The limitations under this Section 5 “Limitation of Liability” apply with respect to all legal theories, whether in contract, tort or otherwise, and to the extent permitted by law. The provisions of this Section 5 "Limitation of Liability" allocate the risks under the Agreement between the parties, and the parties have relied on these limitations in determining whether to enter into the Agreement.

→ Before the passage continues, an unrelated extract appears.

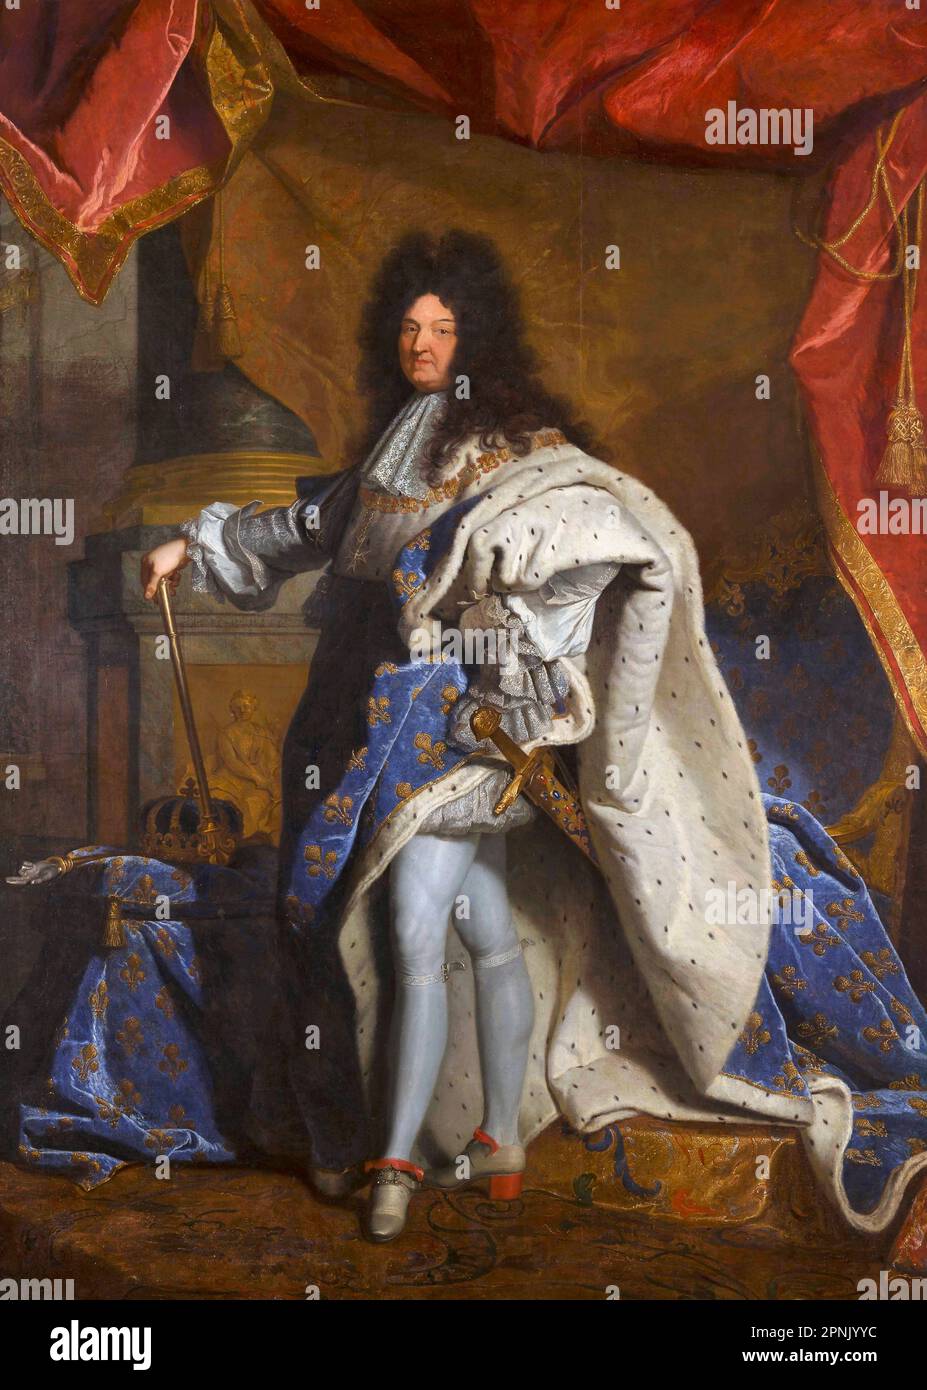 Louis XIV Portrait du roi Louis XIV de France (1638-1715) par Hyacinthe Rigaud (1659-1743), huile sur toile, 1702 Banque D'Images

6. APPLICATION OF CONSUMER LAW
Our APIs and Documentation are intended for use by businesses and organizations and not for consumer purposes. To the maximum extent permitted by law, you hereby acknowledge and agree that consumer laws do not apply. If however any consumer laws do apply and cannot otherwise be lawfully excluded, nothing in these Applicable Terms will restrict, exclude or modify any statutory warranties, guarantees, rights, or remedies you have, and our liability is limited (at our option) to the replacement or repair of the APIs.
7. YOUR INDEMNIFICATION OF US
Customer shall defend, indemnify, and hold harmless Provider and the Provider Associates (as defined below) against any “Indemnified Claim,” meaning any third-party claim, suit, or proceeding arising out of or related to Customer's alleged or actual use of, misuse of, or failure to use the System, including without limitation: (a) claims by users or by Customer's employees, as well as by Customer’s own customers; (b) claims related to unauthorized disclosure or exposure of personally identifiable information or other private information (c) claims related to infringement or violation of a copyright, trademark, trade secret, or privacy or confidentiality right by written material, images, logos or other content uploaded to or integrated with the System by Customer, Customer’s accounts, or by Customer’s customers; (d) claims that use of the System by Customer or Customer’s customers’ accounts harasses, defames, or defrauds a third party or violates the CAN-Spam Act of 2003 or any other law or restriction on electronic advertising; and (e) claims arising out of breach or alleged breach of the Agreement by the Customer, Customer’s employees, and Customer’s customers. Indemnified Claims include, without limitation, claims arising out of or related to Provider’s negligence. Customer’s obligations set forth in this Section 7 “Your Indemnification of Us” include retention and payment of attorney's fees and payment of court costs, as well as settlement at Customer’s expense and payment of judgments. Provider will have the right, not to be exercised unreasonably, to reject any settlement or compromise that requires that it admit wrongdoing or liability or subjects it to any ongoing affirmative obligations. (The “Provider Associates” are Provider’s officers, directors, employees, shareholders, parents, subsidiaries, agents, successors, and assigns.) Customer shall be solely responsible for, and its indemnification obligation under this Section 7 “Your Indemnification of Us” shall extend to, all acts and omissions of any of its affiliates, successors, and permitted assigns, and its or their respective officers, directors, employees, agents, or contractors in the performance of its obligations under this Agreement.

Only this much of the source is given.